My backup computer is a Core2Duo.

I could replace my PC with an i5 or i7 machine sans graphics card for a few hundred dollars depending on the CPU generation. I can’t say it’s urgently needed (I have enough RAM to run a VM and play a game at the same time if I wanted to) though it would be nice.

Mine is paired with a 2500k. Still going strong, though planning a new build for the Fall (originally spring )

I tried playing with a SFF PC built off my old C2D E6600 about six years ago, and it was horribly pokey then. The experiment did not last long.

Did exactly that for a client this monday, went from i5-6th gen and B150 motherboard to i7-9700 and H370. Kept the same RAM, GPU and drives (Sata SSD and HDD).

Windows loaded up just fine and only had to make sure to install the new chipset drivers from the Gigabyte website. Possibly Windows could have done that itself through the Windows Update, but I didn’t bother waiting.

No clue regarding activation, probably you’d have to call MS.

I’m not too worried about the Windows activation - that’s generally easy to fix. Thanks for the rest of the info! Need to do some pricing.

On the other hand, I upgraded across a similar number of generations a couple of years ago, windows choked on audio drivers, and some ill advised troubleshooting steps in the registry eventually lead me to having to reinstall from scratch.

Whereupon I realized how utter my transition to cloud services has become, because there is a ton of stuff in my old Program Files folder I’m never gonna bother reinstalling…

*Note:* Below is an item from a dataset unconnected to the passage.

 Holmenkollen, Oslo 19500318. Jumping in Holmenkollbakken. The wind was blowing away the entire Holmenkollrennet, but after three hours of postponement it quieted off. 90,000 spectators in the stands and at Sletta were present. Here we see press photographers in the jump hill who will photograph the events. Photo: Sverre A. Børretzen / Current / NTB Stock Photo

Pulled the trigger on a Z490 motherboard and an I7-10700k to replace my 6700k. Will report back how the upgrade goes when it arrives. Also if anyone hasn’t shopped for Z490 boards, be aware they are on average $100 more than prior gen 1151 boards.

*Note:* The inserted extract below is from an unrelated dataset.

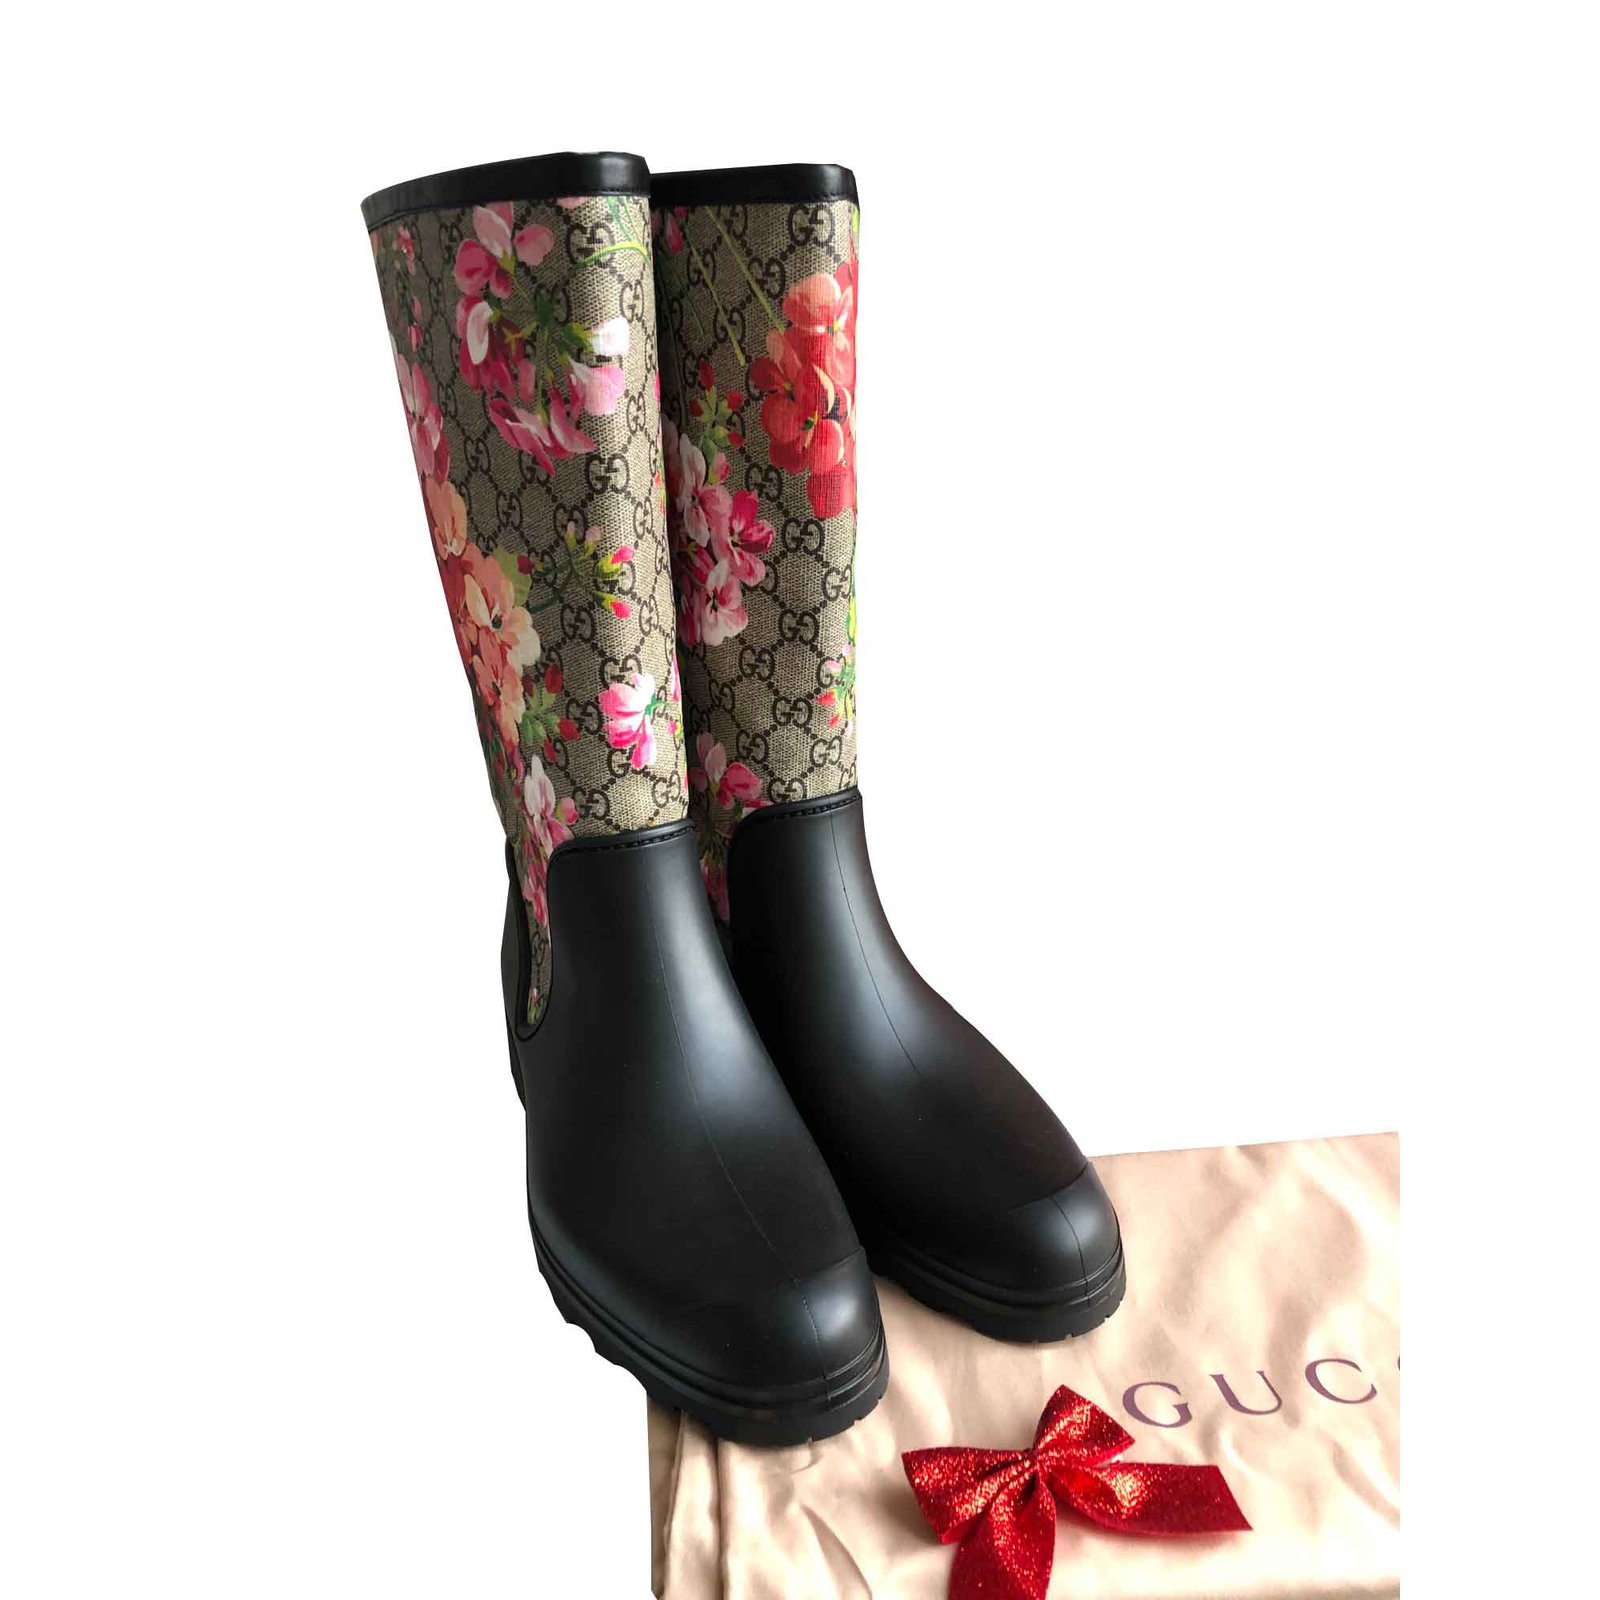 Gucci Floral blossom boots Boots Rubber

Upgrade was pretty easy - only thing that I had to futz with a little is re-activating Windows. Haven’t delved into overclocking yet, and apparently that’s a more complicated topic these days (lots of articles about Z490 motherboards running CPUs too hot by default because of settings, etc)

Does anyone overclock in this day and age? I thought all the dynamic management stuff did enough of that without user intervention.

You can’t really overclock Ryzen 3000 series CPUs. They are unlocked but there’s not much to be gained because they aggressively clock up to whatever your power and thermal limits can sustain on their own. Intel CPUs can still be gainfully overclocked, but nobody should be buying an Intel CPU right now.

And now they use a special aloy too:

I don’t necessarily disagree. But six days ago, Tom’s Hardware designated the new Intel Core i5-10600K as the #1 gaming CPU:

Tom’s has suckled balls for over a decade. But yeah, clockspeed means intel is still faster for lightly-threaded tasks. I still wouldn’t buy one.

Yeah, getting 400 FPS instead of 370 FPS in a 12 year old game is not a reason to tie yourself to the Intel platform.

I’m running my 8700k at around 4.8ghz using the Gigabyte auto-OC option.